Stored data:
--------------------

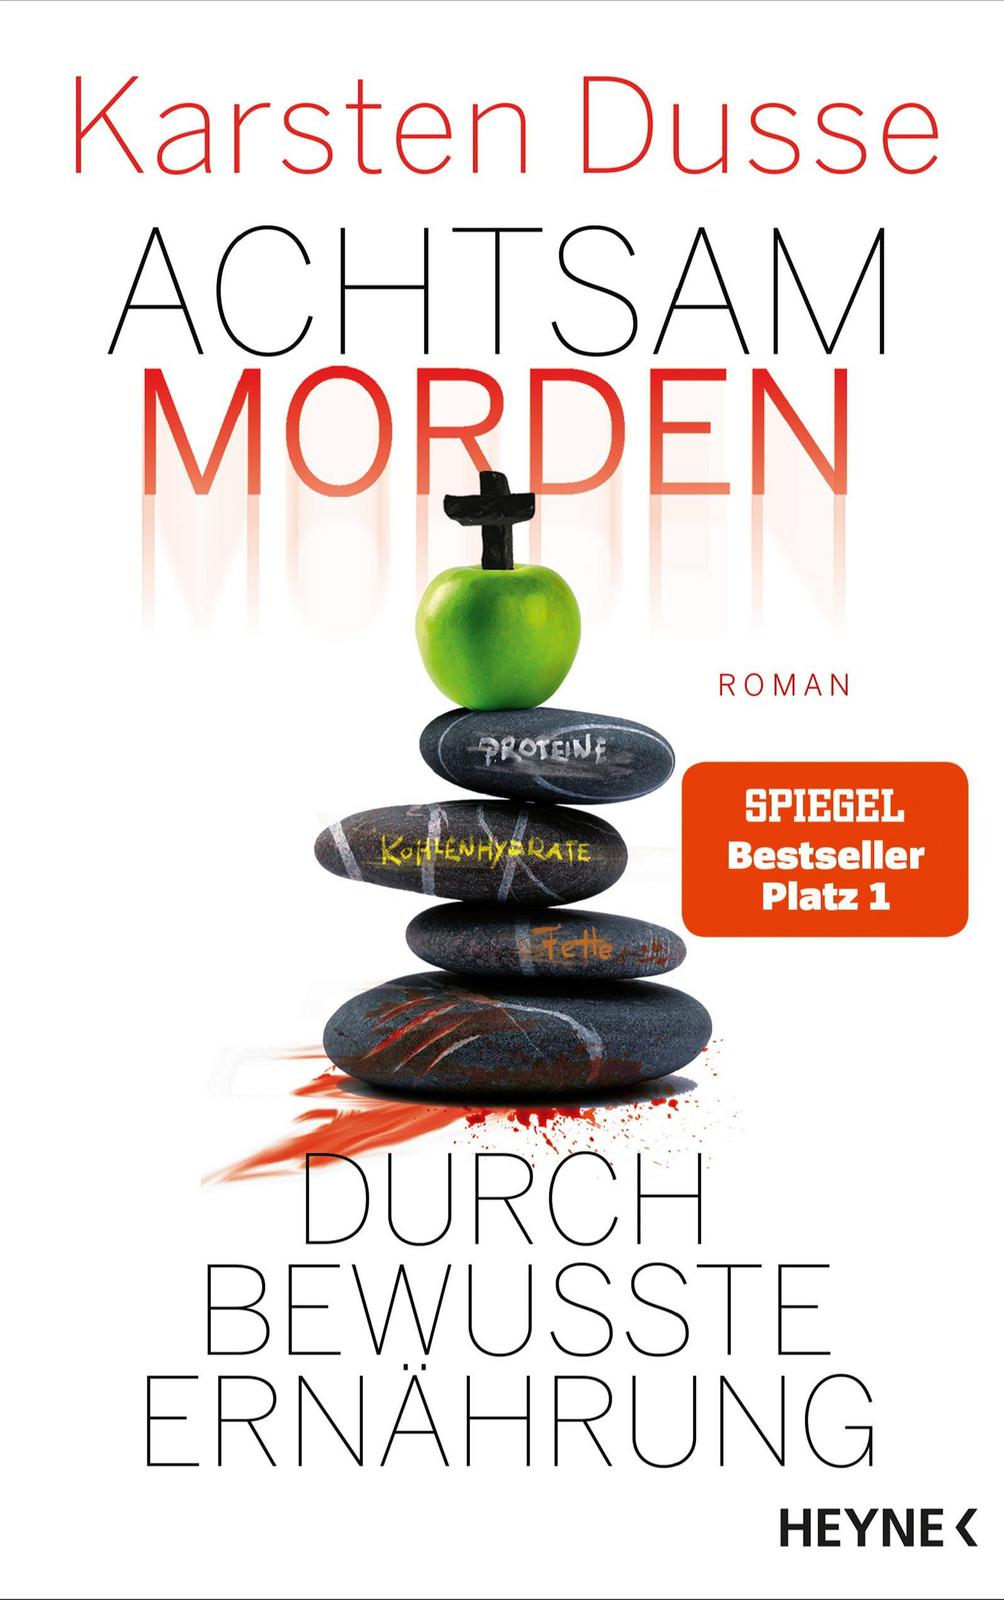 Karsten Dusse: Achtsam morden durch bewusste Ernährung (German language, 2024, Heyne Verlag)
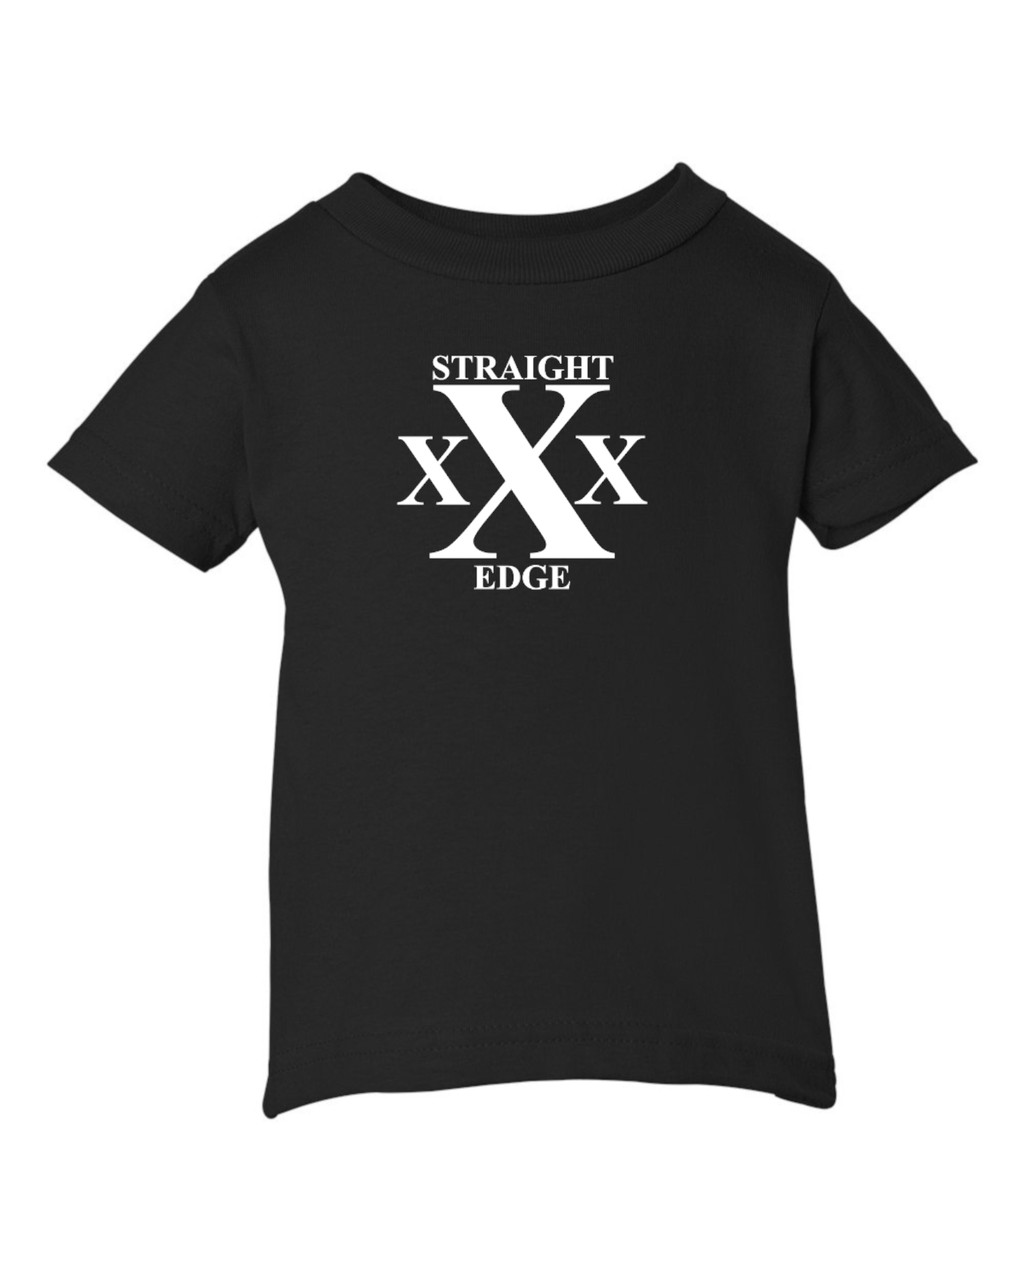 Hardcore Punk Rock Black Tee Straight Edge Baby & Toddler T-Shirt
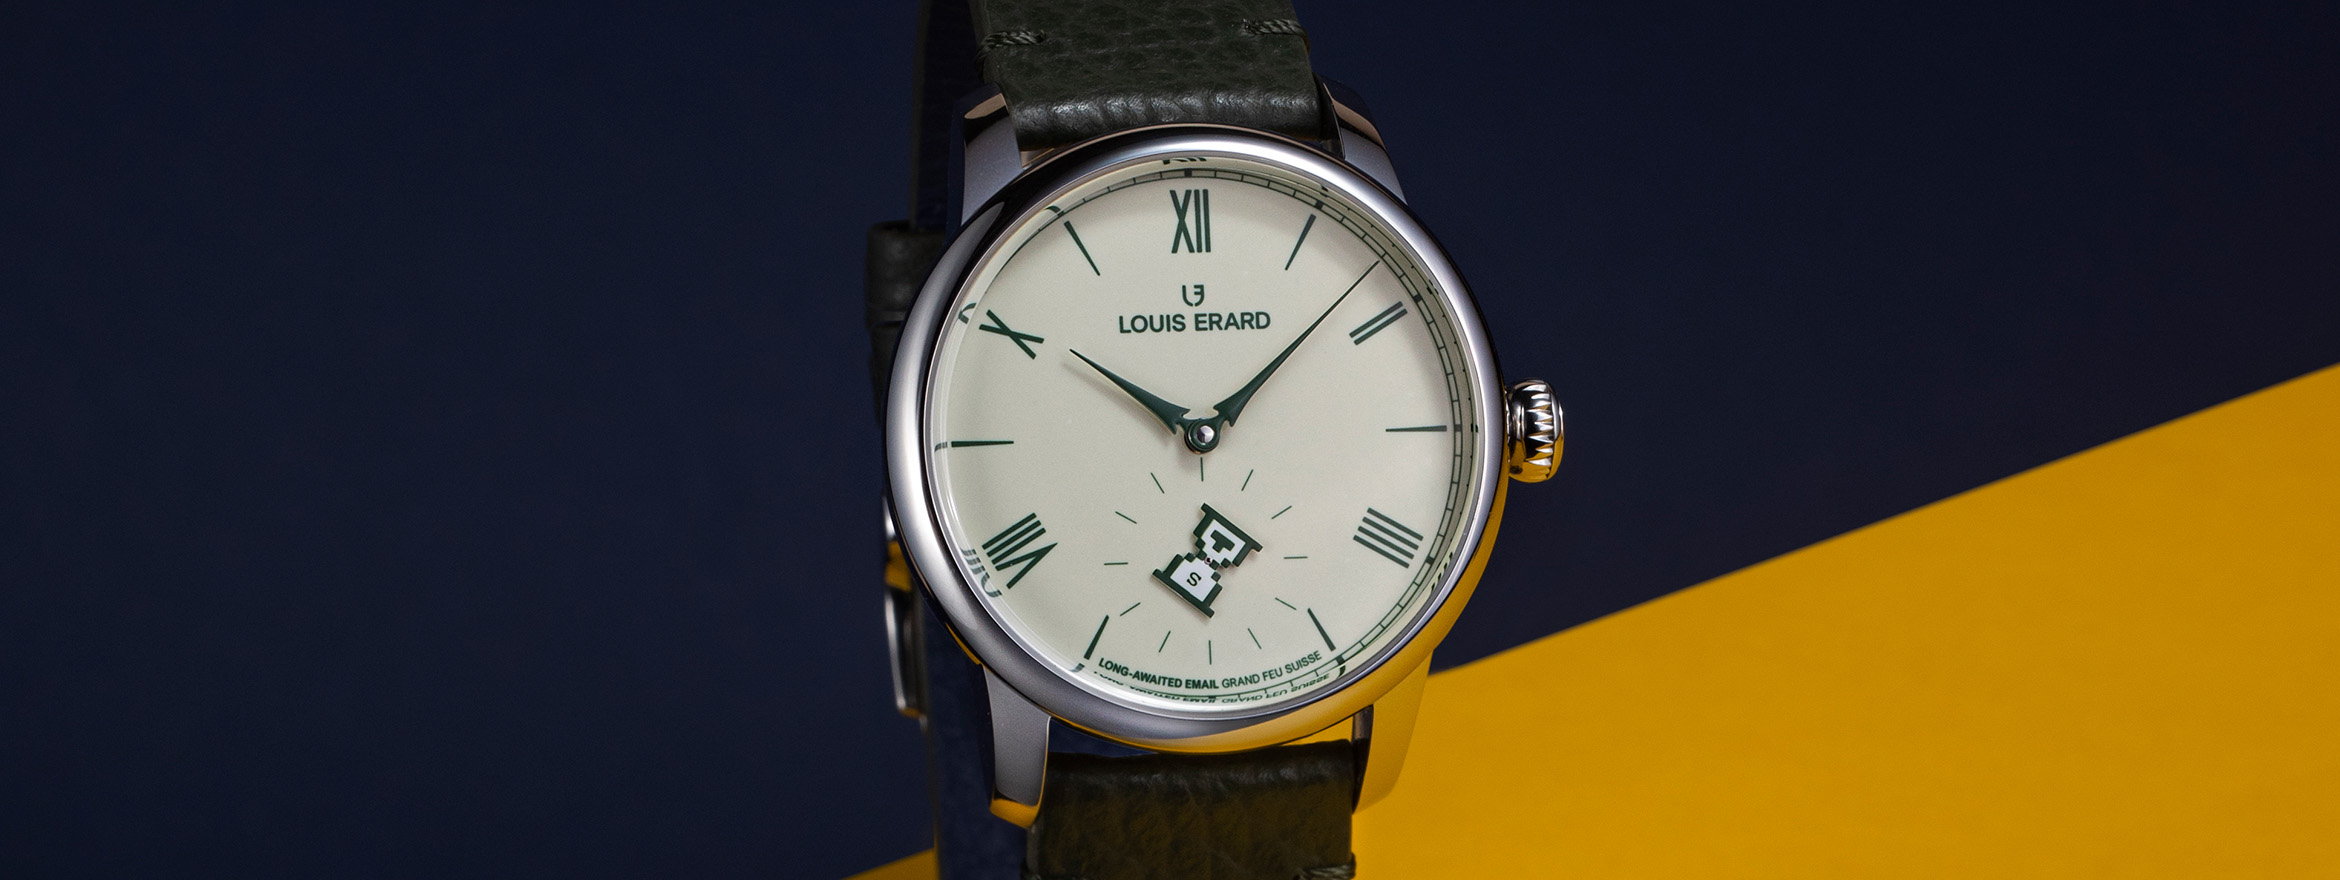 Louis Erard Watches : Buy Louis Erard Excellence Analog Dial Color
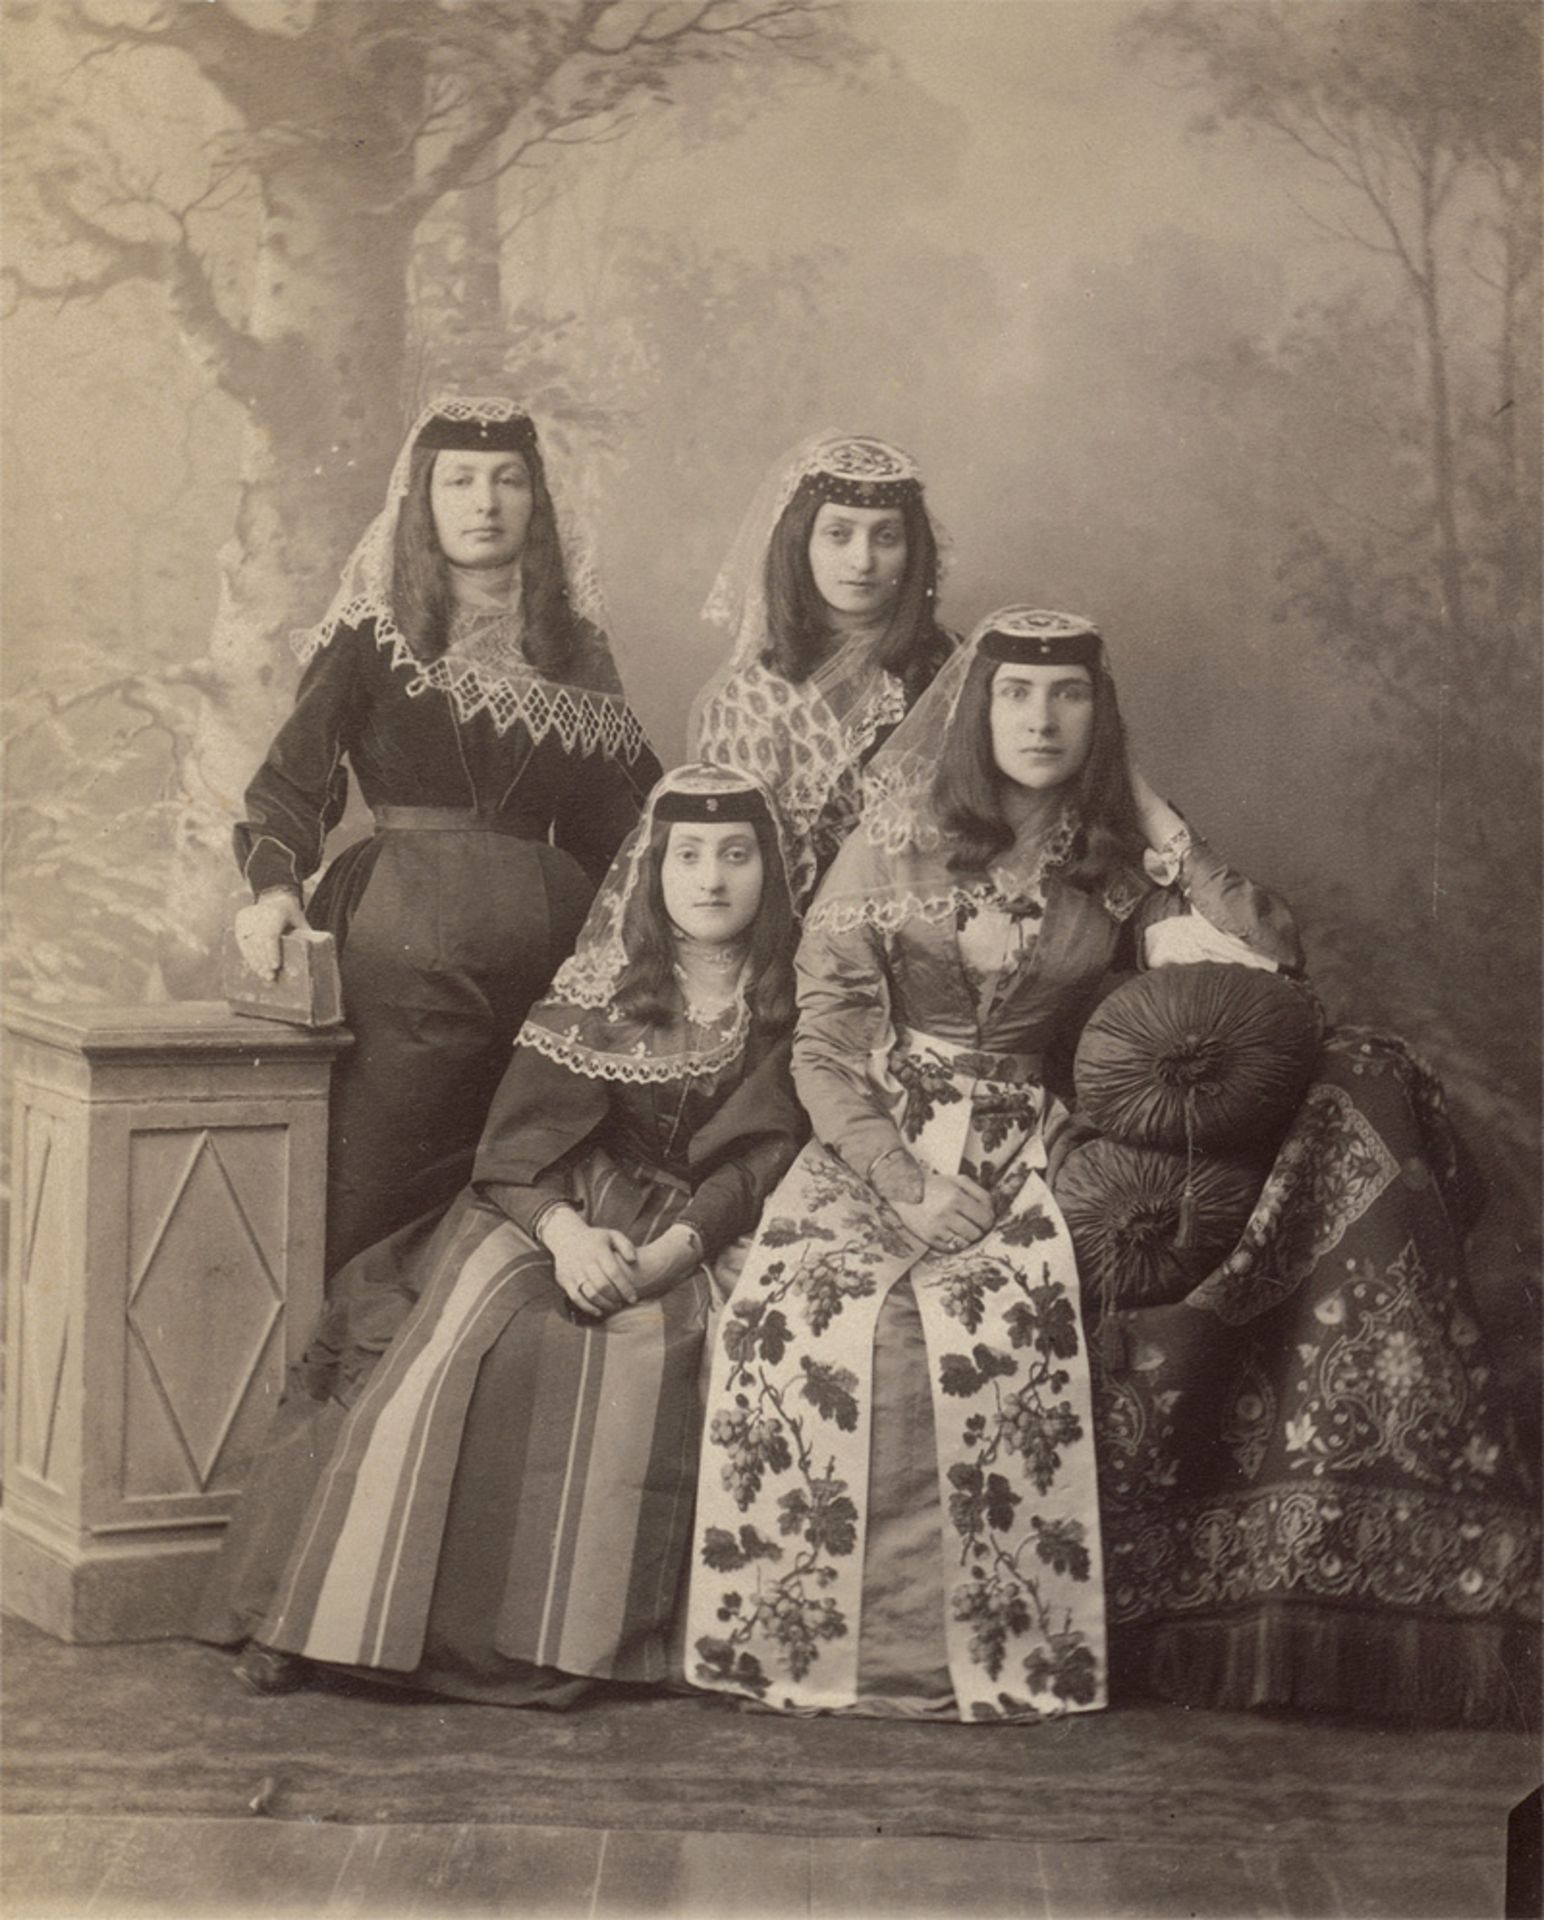 Ermakov, Dimitri N.: Studio group portrait of women in national dress

--------------------

What the task asks: Transcribe the material above in full. No picture is to be copied.

Reply:
 Karsten Dusse: Achtsam morden durch bewusste Ernährung (German language, 2024, Heyne Verlag)
 Hardcore Punk Rock Black Tee Straight Edge Baby & Toddler T-Shirt
 Louis Erard Watches : Buy Louis Erard Excellence Analog Dial Color
 Ermakov, Dimitri N.: Studio group portrait of women in national dress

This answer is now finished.